Grass Genera of the World

L. Watson and M. J. Dallwitz


Neesiochloa Pilger

Habit, vegetative morphology. Annual; caespitose. Culms 26 cm high; herbaceous; unbranched above. Plants unarmed. Leaves not basally aggregated; non-auriculate. Leaf blades narrow; 0.5–2 mm wide (?-to 2 mm wide, the margins cartilaginous, with tubercular hairs marginally and abaxially); not setaceous; flat; without cross venation; persistent; a fringed membrane. Contra-ligule absent.

Reproductive organization. Plants bisexual, with bisexual spikelets; with hermaphrodite florets.

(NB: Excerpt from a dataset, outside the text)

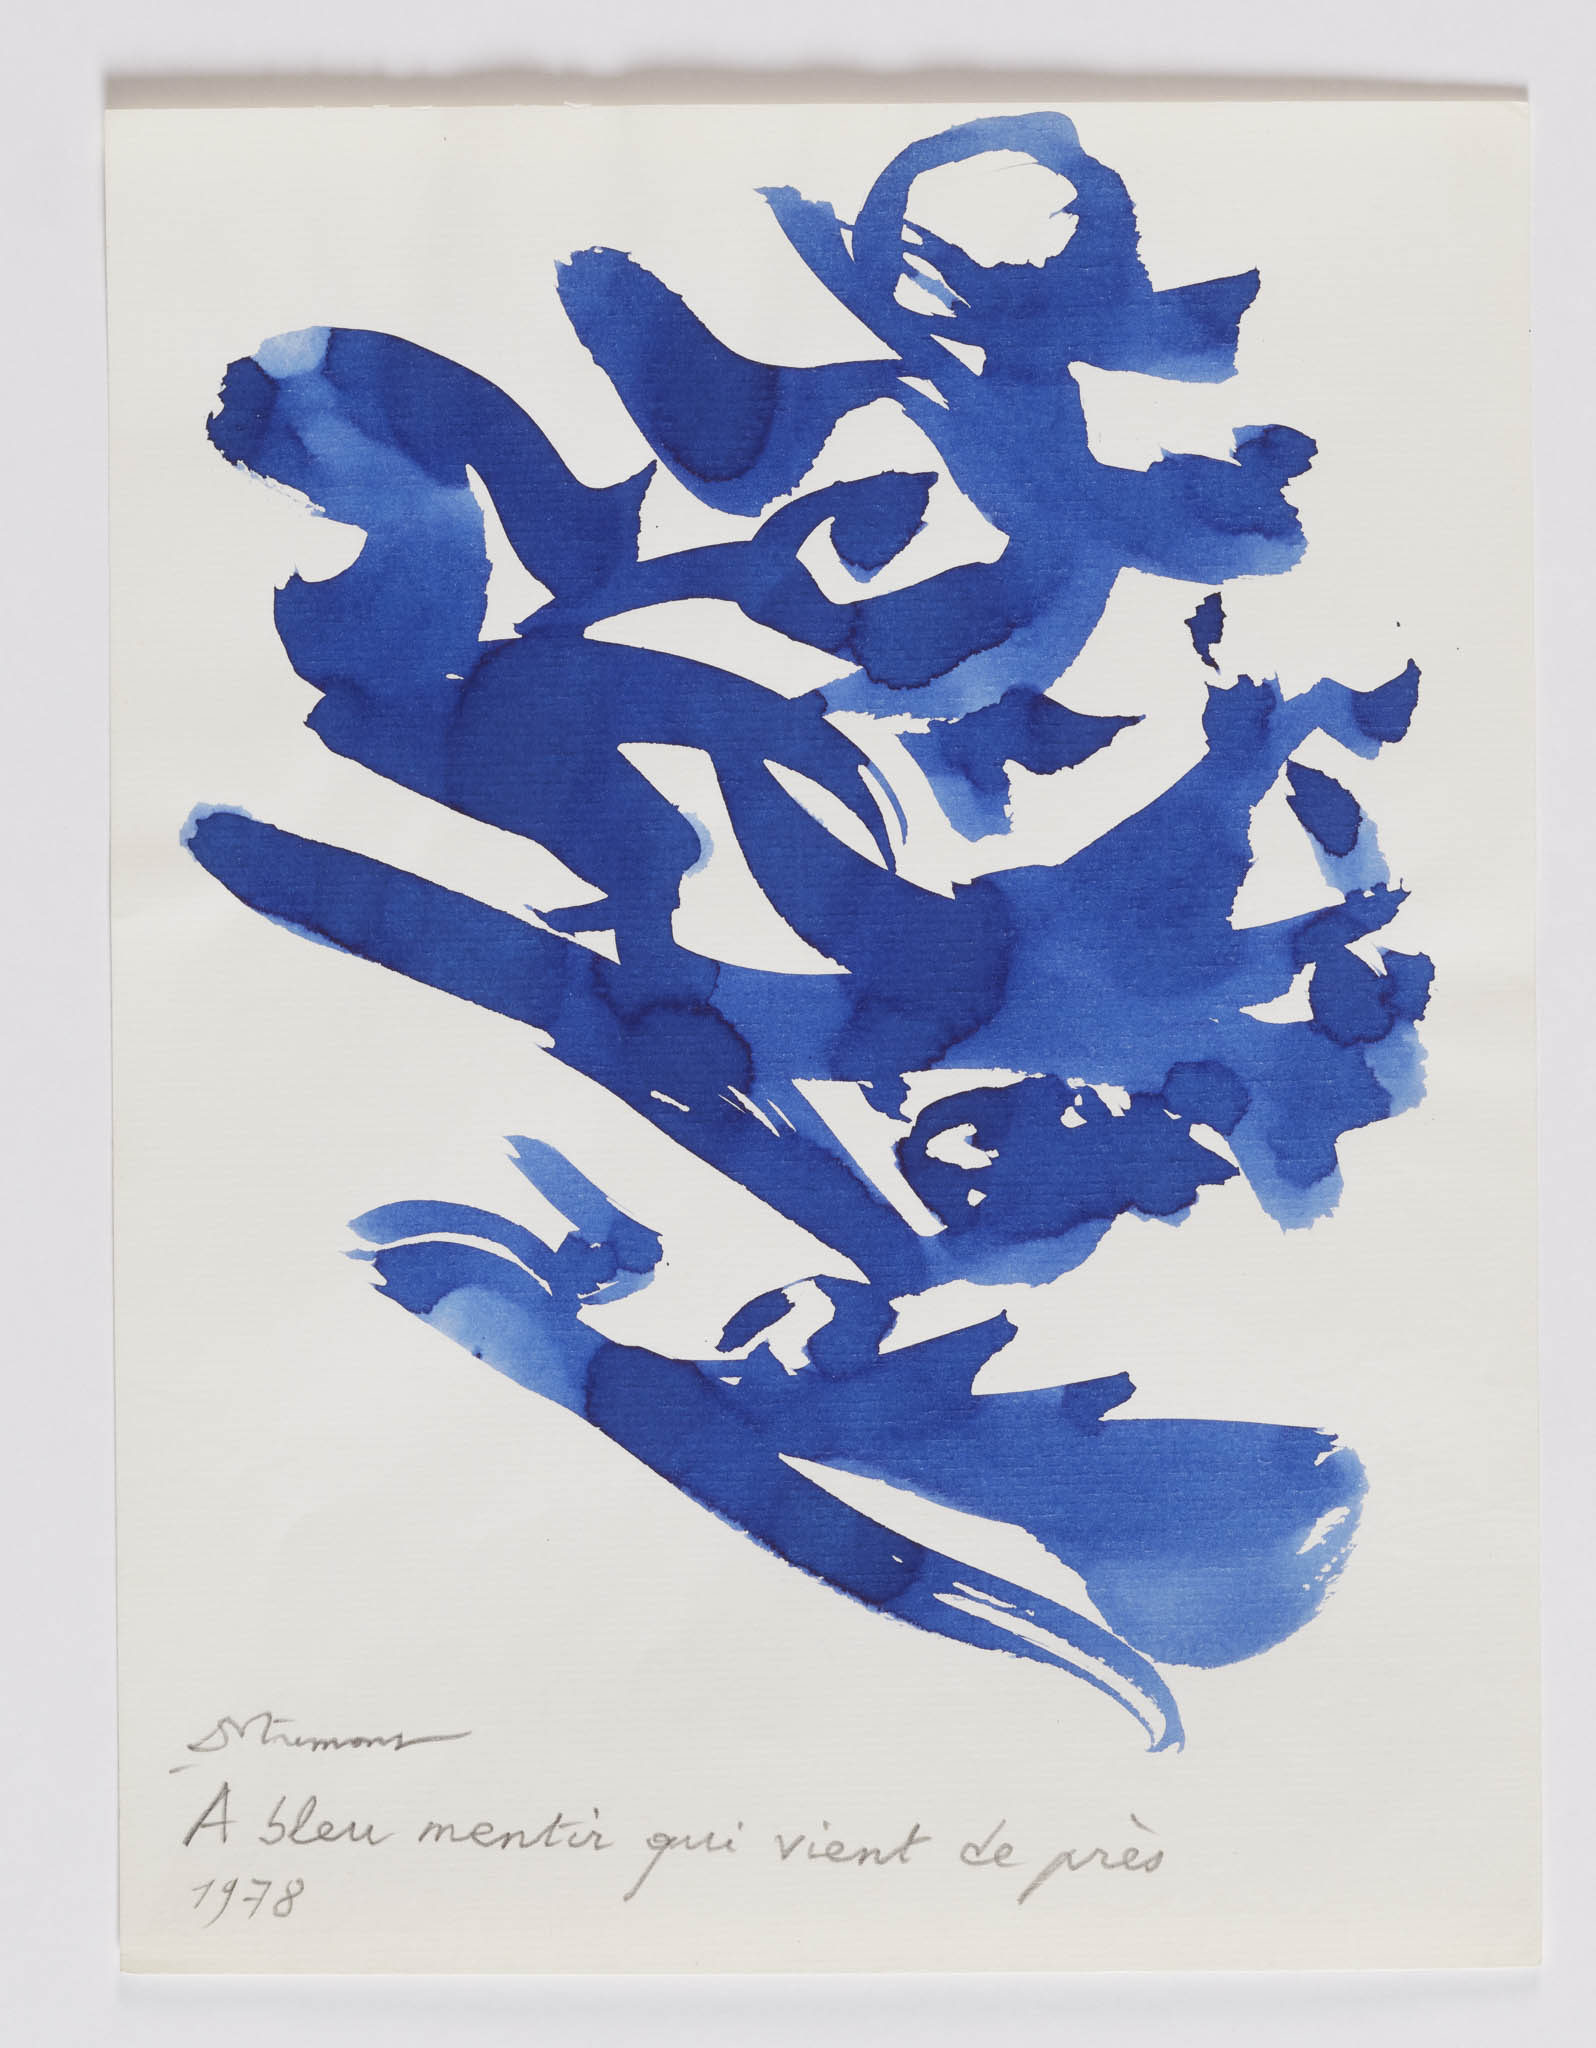 Christian Dotremont, A bleu mentir qui vient de près, logogramme, 1978

Inflorescence. Inflorescence few spikeleted; very sparse, a single raceme (with long, capillary pedicels), or paniculate (the lower branches sometimes branched again); open; espatheate; not comprising ‘partial inflorescences’ and foliar organs. Spikelet-bearing axes persistent. Spikelets solitary; not secund; pedicellate (the long pedicels glandular).

Female-fertile spikelets. Spikelets 5–9 mm long (red tinged, reminiscent of Briza, but not pendulous); suborbicular; compressed laterally (but plump); disarticulating above the glumes; disarticulating between the florets; with conventional internode spacings. Rachilla prolonged beyond the uppermost female-fertile floret; very hairy; the rachilla extension with incomplete florets. Hairy callus present.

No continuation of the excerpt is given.